= 2016 IAAF World U20 Championships – Men's 4 × 100 metres relay =

The men's 4 × 100 metres relay event at the 2016 IAAF World U20 Championships was held at Zdzisław Krzyszkowiak Stadium on 22 and 23 July.

==Medalists==

| Gold | Silver | Bronze |
|---|---|---|
| United States Michael Norman Jr.
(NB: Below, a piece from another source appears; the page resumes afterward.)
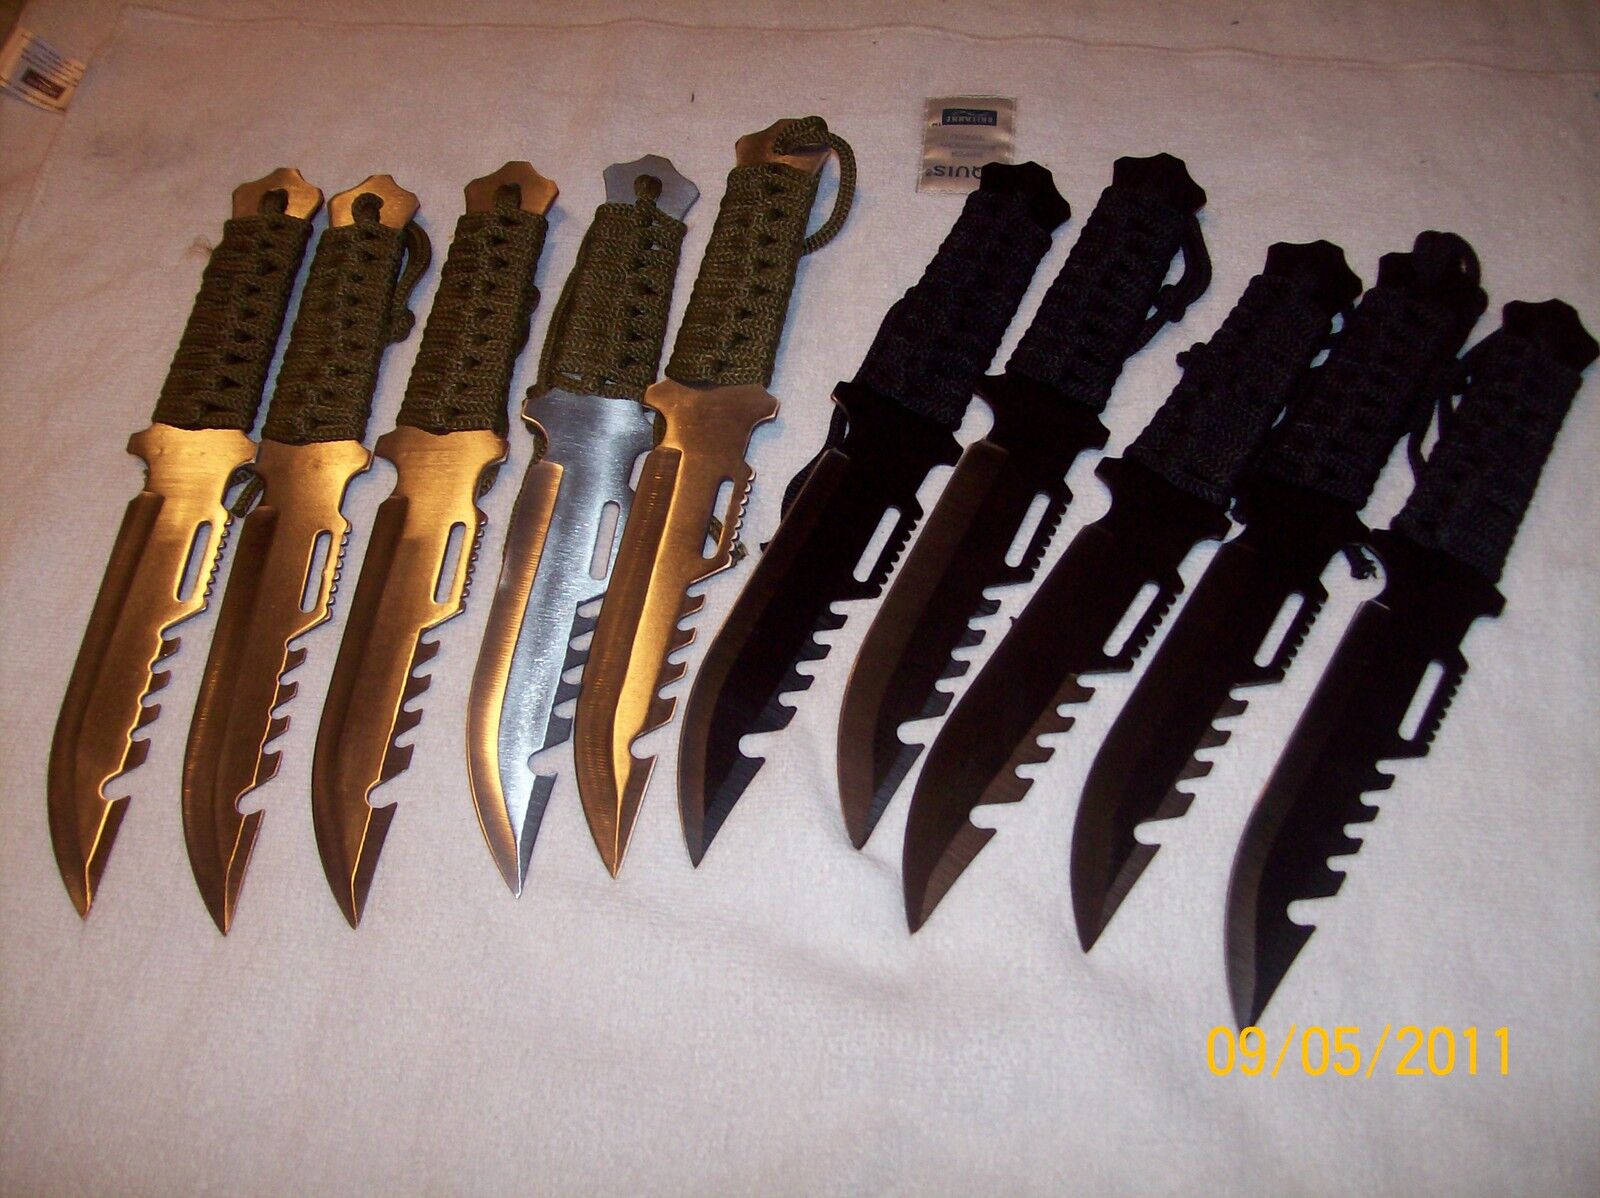 10 Hunting Lightweight Survival knives 5 BLACK 5 SILVER COLOR Wholesale Bug Out

Hakim Montgomery Brandon Taylor Noah Lyles Amere Lattin* | Japan Ippei Takeda Jun Yamashita Wataru Inuzuka Kenta Oshima | Germany Roger Gurski Thomas Barthel Niels Torben Giese Manuel Eitel Deniz Almas* |

- Athletes who competed in heats only

==Records==

| World Junior Record | United States | 38.66 | Grosseto, Italy | 18 July 2004 |
| Championship Record | United States | 38.66 | Grosseto, Italy | 18 July 2004 |
| World Junior Leading | Chinese Taipei | 39.51 | Taoyuan, Taiwan | 19 May 2016 |

==Results==
===Heats===
Qualification: First 2 of each heat (Q) plus the 2 fastest times (q) qualified for the final.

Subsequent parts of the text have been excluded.